(Dataset section begins)

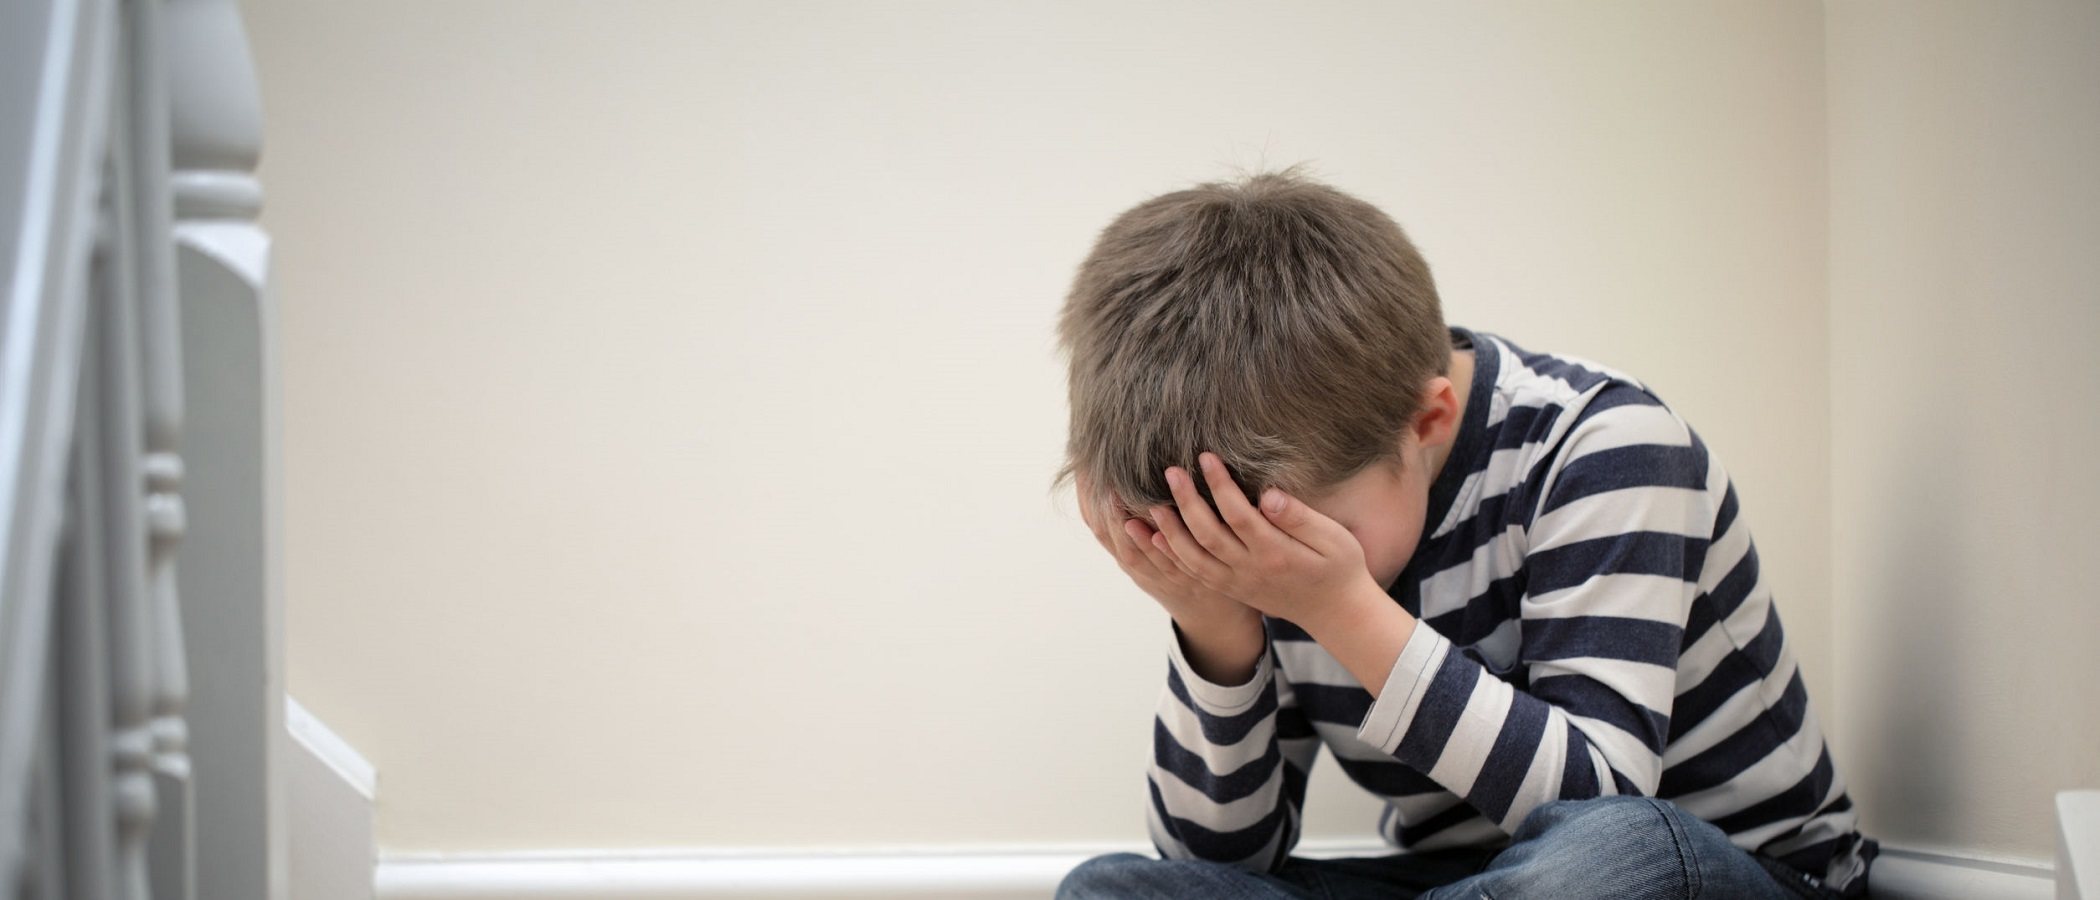 La negligencia parental, ¿causa depresión en los niños?
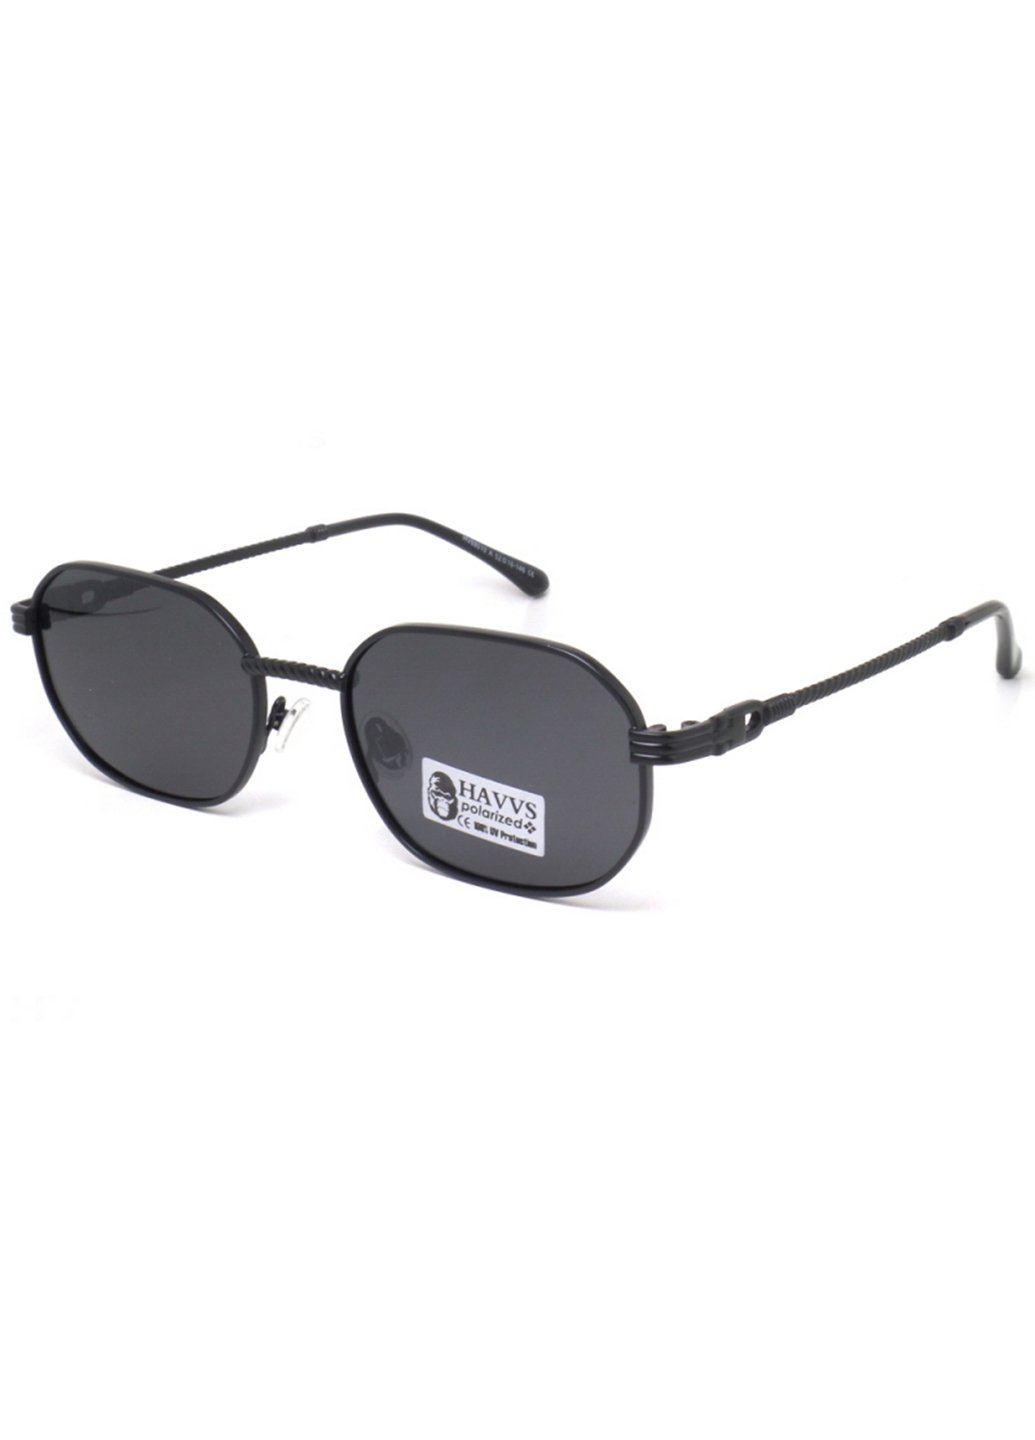 Купить Солнцезащитные очки c поляризацией HAVVS HV68010 170001 - Черный в интернет-магазине
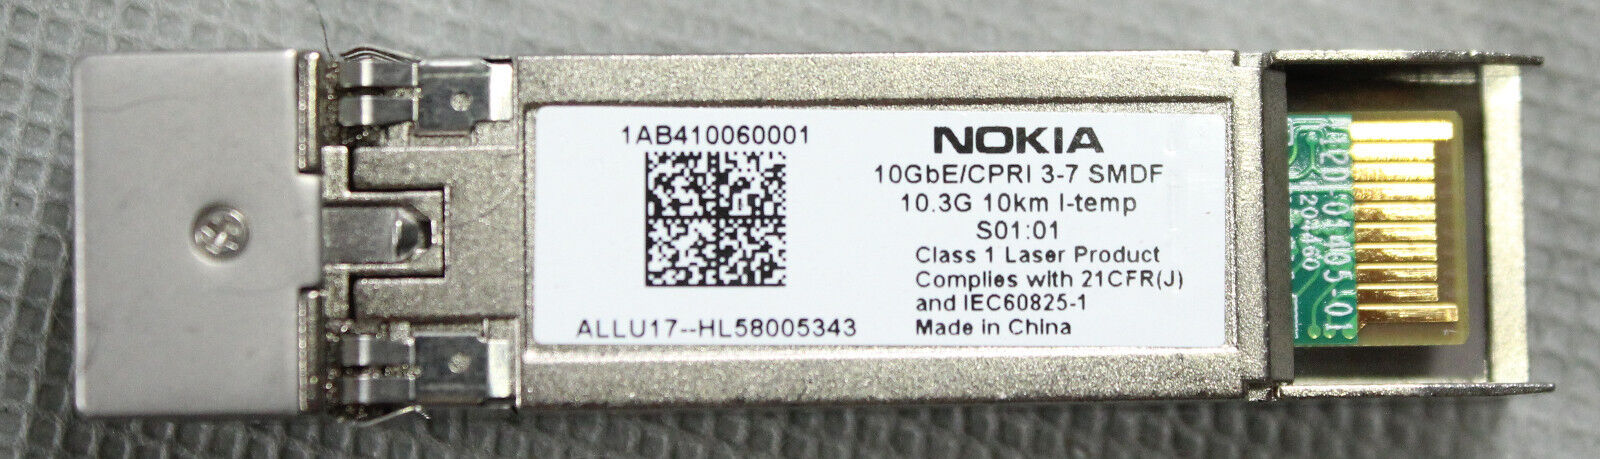 Nokia CPRI 3-7 9.8304G 10km I-temp 1AB410060001 SFP Transciever

(Dataset section ends)

## What needs to be done
An unchanged copy of the listing, with no pictures, should be returned.

## Solution
 La negligencia parental, ¿causa depresión en los niños?
 Купить Солнцезащитные очки c поляризацией HAVVS HV68010 170001 - Черный в интернет-магазине
 Nokia CPRI 3-7 9.8304G 10km I-temp 1AB410060001 SFP Transciever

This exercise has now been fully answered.